结果:从我们的咨询文件中确定了4个具有NR1D1重排的间充质肿瘤。有一名男性和三名女性,年龄在19至47岁之间(中位数=28.5岁)。肿瘤发生在舌头,脖子,臀部和食指,分别。组织学上,两个肿瘤主要由上皮样细胞组成;一个肿瘤混合了上皮样-梭形细胞,一个肿瘤由单形小圆形至卵形细胞组成。通过免疫组织化学,没有一个肿瘤表达谱系特异性标记。靶向RNA测序确定了所有四个肿瘤中的NR1D1融合体,伴侣基因分别为MAML2、MAML3、KMT2A和NCOA2。通过荧光原位杂交分析证实了新的MAML3和NCOA2重排。随访(2-23个月),1例患者因切除不完全而出现局部复发,1例患者出现肺转移.另外两名患者没有疾病就活着。
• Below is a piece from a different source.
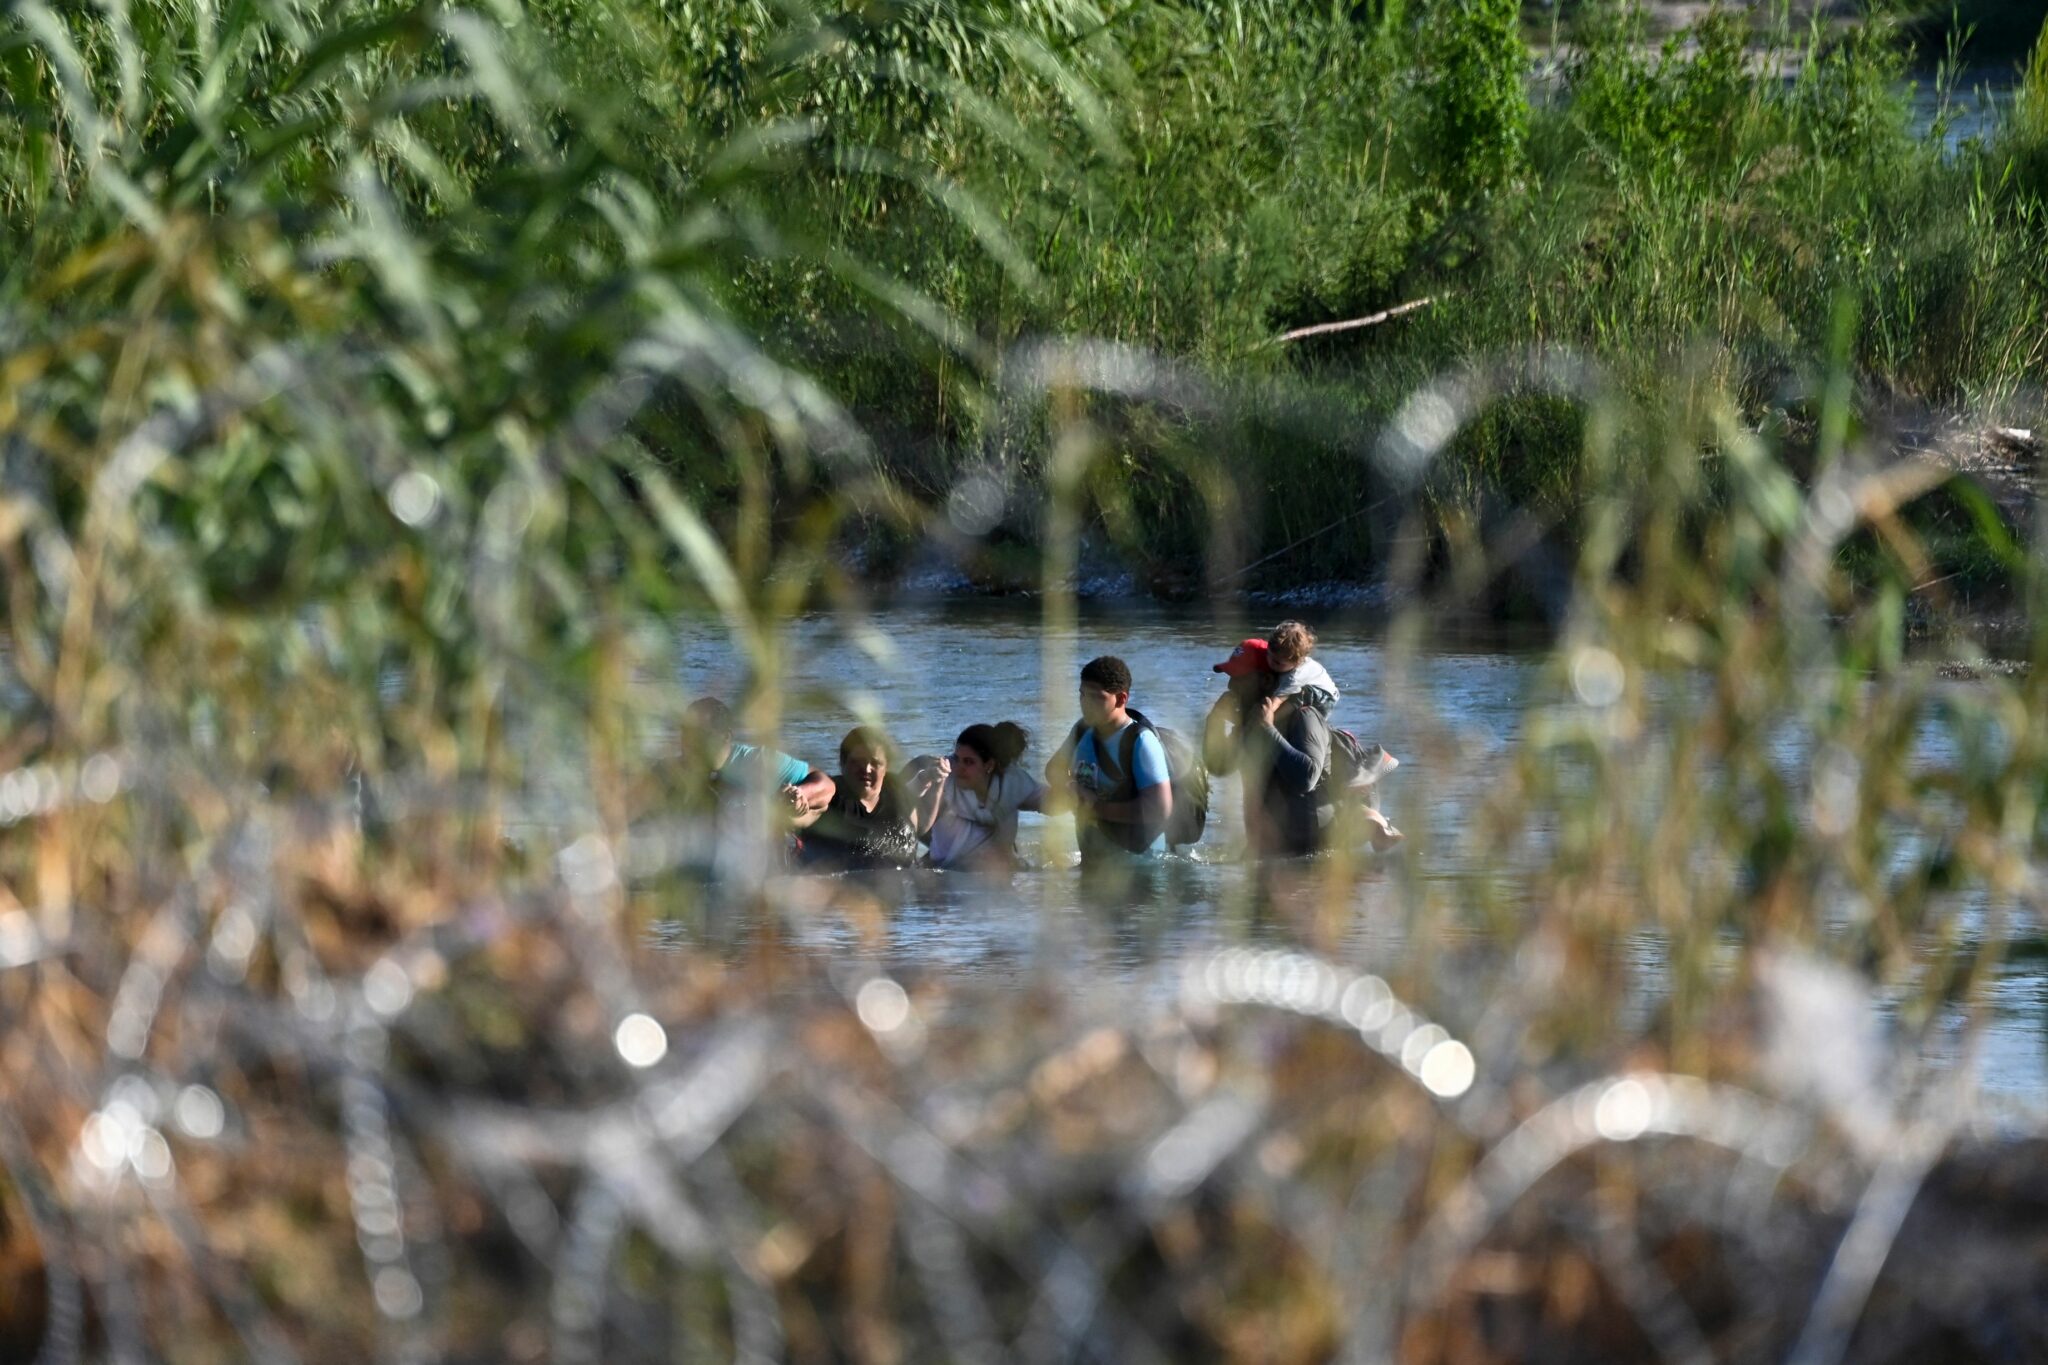 TOPSHOT - A migrant family from Venezuela is seen beyond concertina wire as they illegally cross the Rio Grande River in Eagle Pass, Texas, at the border with Mexico on June 30, 2022. - Every year, tens of thousands of migrants fleeing violence or poverty in Central and South America attempt to cross the border into the United States in pursuit of the American dream. Many never make it. On June 27, around 53 migrants were found dead in and around a truck abandoned in sweltering heat near the Texas city of San Antonio, in one of the worst disasters on the illegal migrant trail. (Photo by CHANDAN KHANNA / AFP) (Photo by CHANDAN KHANNA/AFP via Getty Images)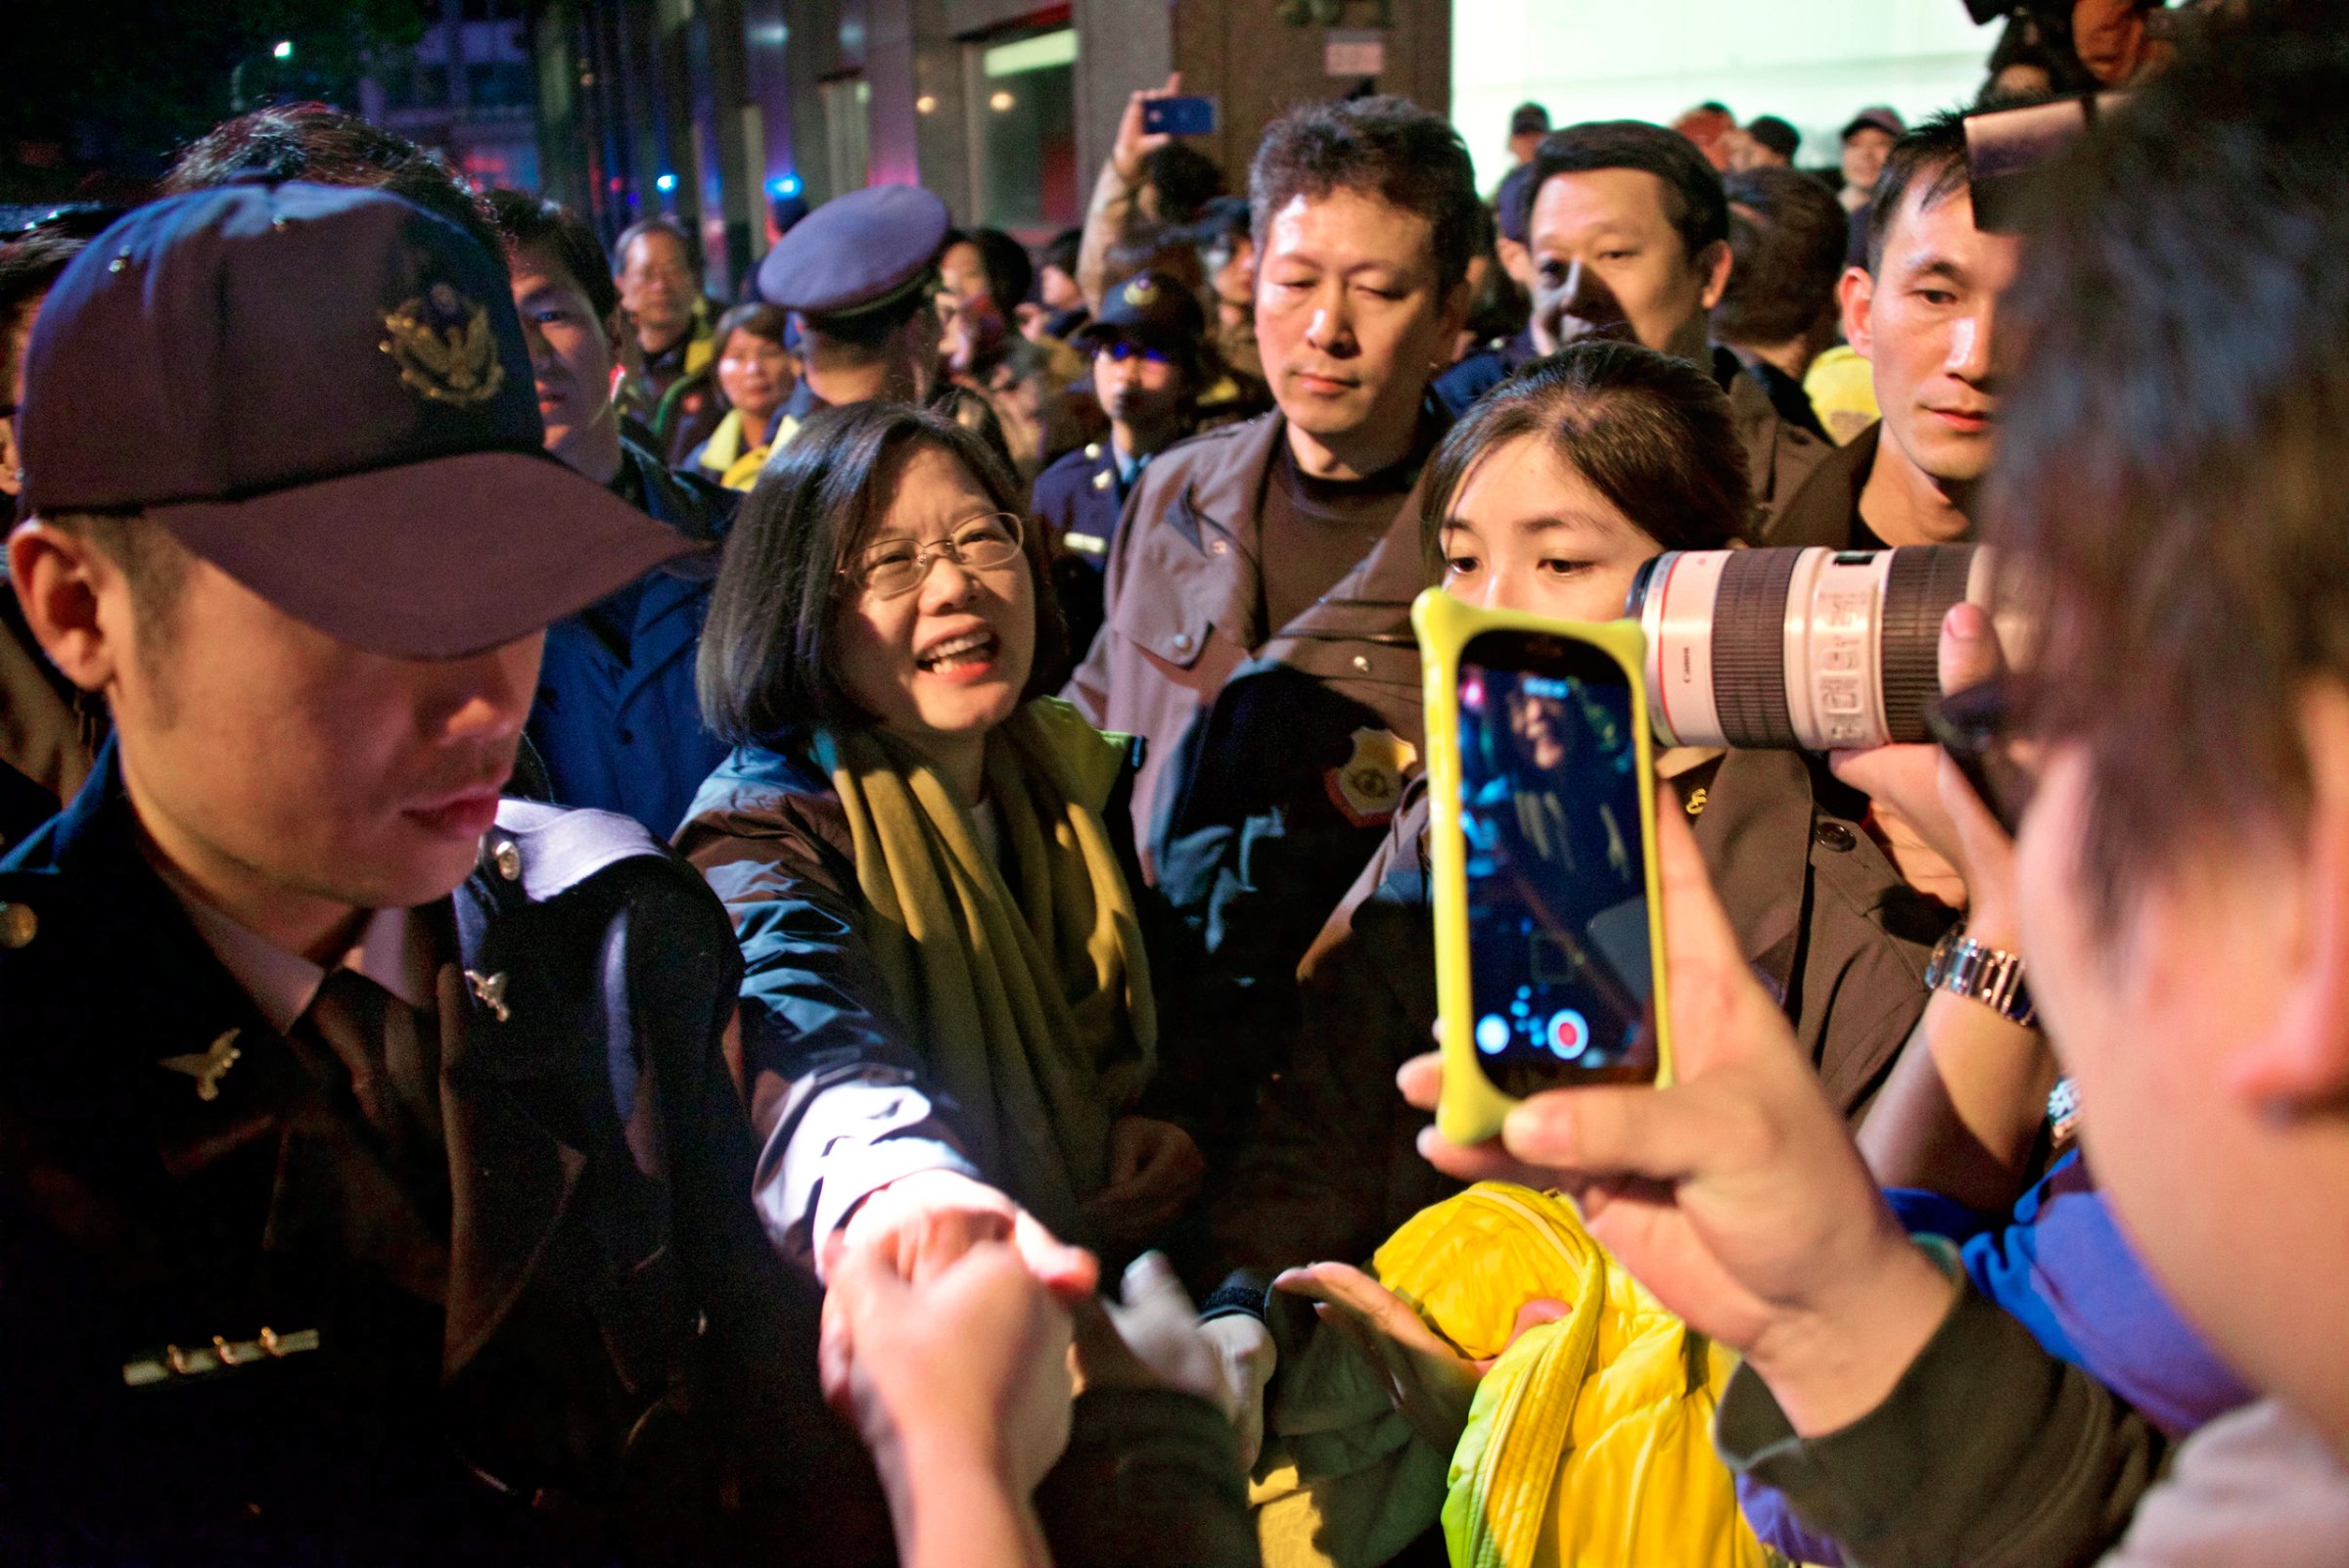 Tsai Ing-wen greets members of the public on January 16, 2016, as she leaves the DPP headquarters celebrations in Taipei, Taiwan.

结论:这项研究为NR1D1重排的软组织肿瘤作为一个新兴实体增加了更多的支持。在头部和颈部区域发生另外两个肿瘤,小圆形细胞变异体的描述和新型MAML3、KMT2A和NCOA2伴侣的鉴定进一步扩展了其临床病理和分子谱。需要对更大系列进行更多研究,以验证NR1D1重排的软组织肿瘤的完全恶性潜力。
结果:从我们的咨询文件中确定了4个具有NR1D1重排的间充质肿瘤。有一名男性和三名女性,年龄在19至47岁之间(中位数=28.5岁)。肿瘤发生在舌头,脖子,臀部和食指,分别。组织学上,两个肿瘤主要由上皮样细胞组成;一个肿瘤混合了上皮样-梭形细胞,一个肿瘤由单形小圆形至卵形细胞组成。通过免疫组织化学,没有一个肿瘤表达谱系特异性标记。靶向RNA测序确定了所有四个肿瘤中的NR1D1融合体,伴侣基因分别为MAML2、MAML3、KMT2A和NCOA2。通过荧光原位杂交分析证实了新的MAML3和NCOA2重排。随访(2-23个月),1例患者因切除不完全而出现局部复发,1例患者出现肺转移.另外两名患者没有疾病就活着。
结论:这项研究为NR1D1重排的软组织肿瘤作为一个新兴实体增加了更多的支持。在头部和颈部区域发生另外两个肿瘤,小圆形细胞变异体的描述和新型MAML3、KMT2A和NCOA2伴侣的鉴定进一步扩展了其临床病理和分子谱。需要对更大系列进行更多研究,以验证NR1D1重排的软组织肿瘤的完全恶性潜力。